宋鹤眠沉溺在这突如其来的温存里,丝毫没有察觉到怀中人的变化。
他只觉得怀中的身躯比白日里更加纤细柔软,那股若有若无的药香,比脂粉香更让他心悸。
他的手掌顺着她的脊背缓缓下滑,指尖的触感细腻光滑,与昨夜的记忆渐渐重合。
江伶月闭着眼,强忍着心头的屈辱与算计,抬手勾住他的脖颈,声音刻意压低,带着几分沙哑的柔媚,与白日里的清亮判若两人:“公子”

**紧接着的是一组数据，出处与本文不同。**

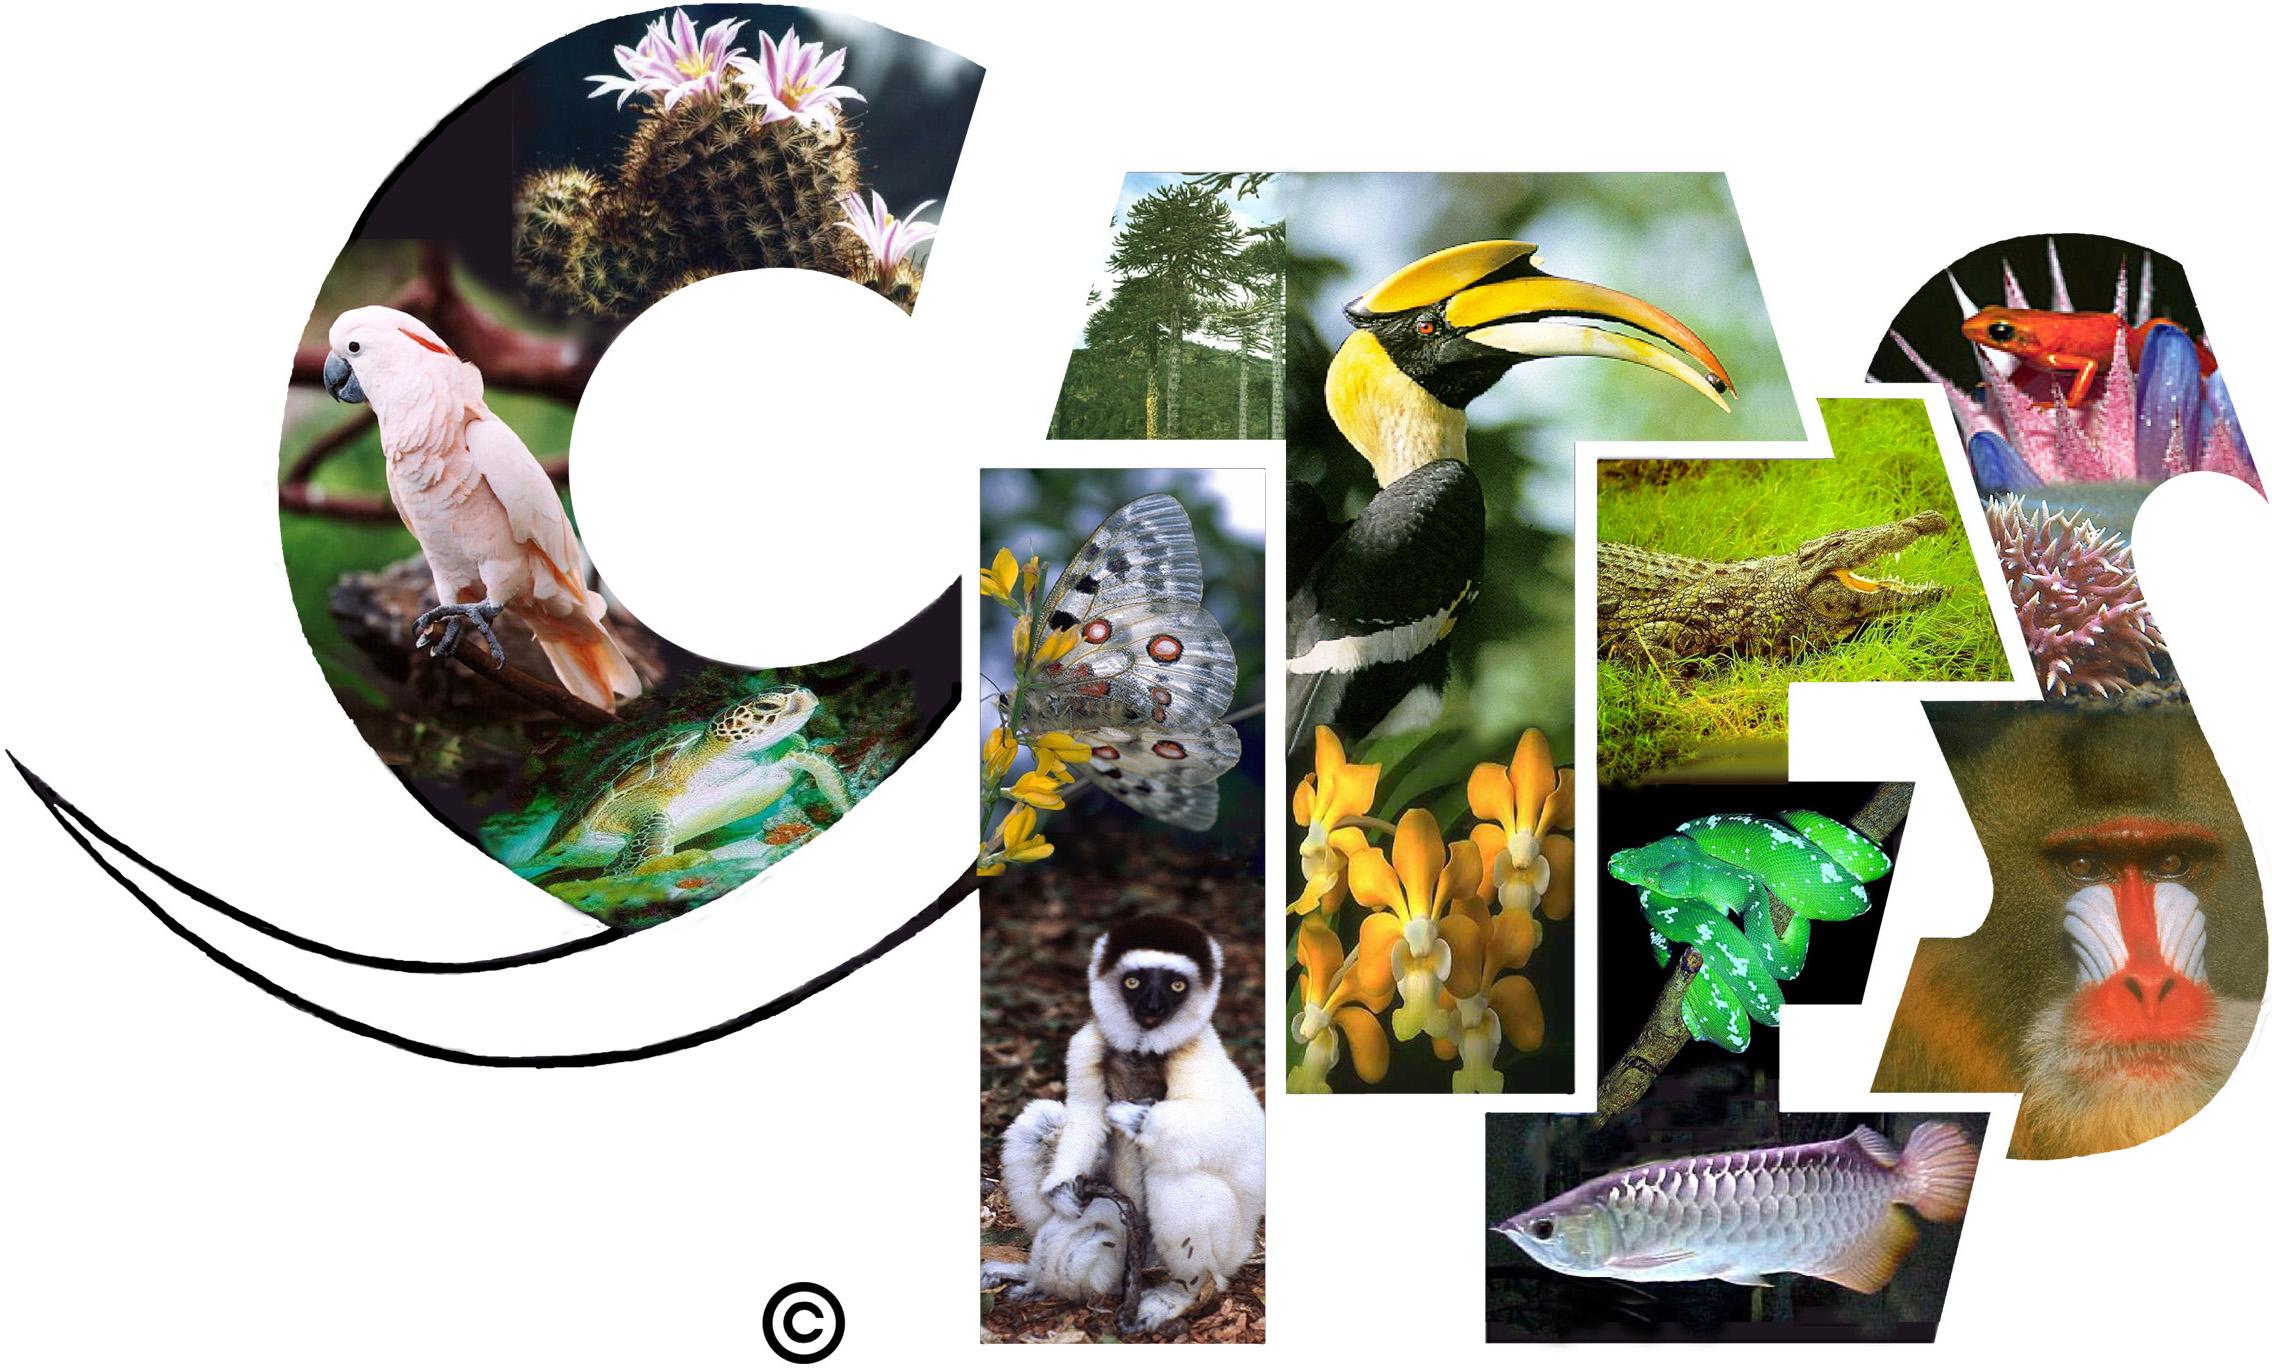 Zmiany  wprzepisach oochronie gatunków wdrodze regulacji handlu (CITES)

这一声轻唤,彻底点燃了宋鹤眠的理智,他低头,循着那抹药香,吻上了她的唇。
窗外的残月隐入云层,夜色深沉如墨。
满室旖旎,无人知晓这场暗夜的偷换,江伶月紧紧攥着拳,指甲深深嵌入掌心,疼痛让她保持着最后一丝清醒。
她知道,这是一场豪赌,赌宋鹤眠不会察觉,赌自己能借着这场云雨,怀上一个孩子。
这个孩子,是她在秦王府立足的根本,是她对抗宋瑜白冷落的武器,更是她日后翻盘的筹码。
一夜贪欢,转瞬即逝。
天边泛起鱼肚白时,江伶月率先睁开了眼,身旁的宋鹤眠睡得深沉,墨发凌乱地散落在枕上,俊美的眉眼在晨光中柔和了几分。她小心翼翼地抽出被他攥着的手,动作轻柔地起身,拢好凌乱的衣衫,借着熹微的晨光,悄无声息地走出了卧房。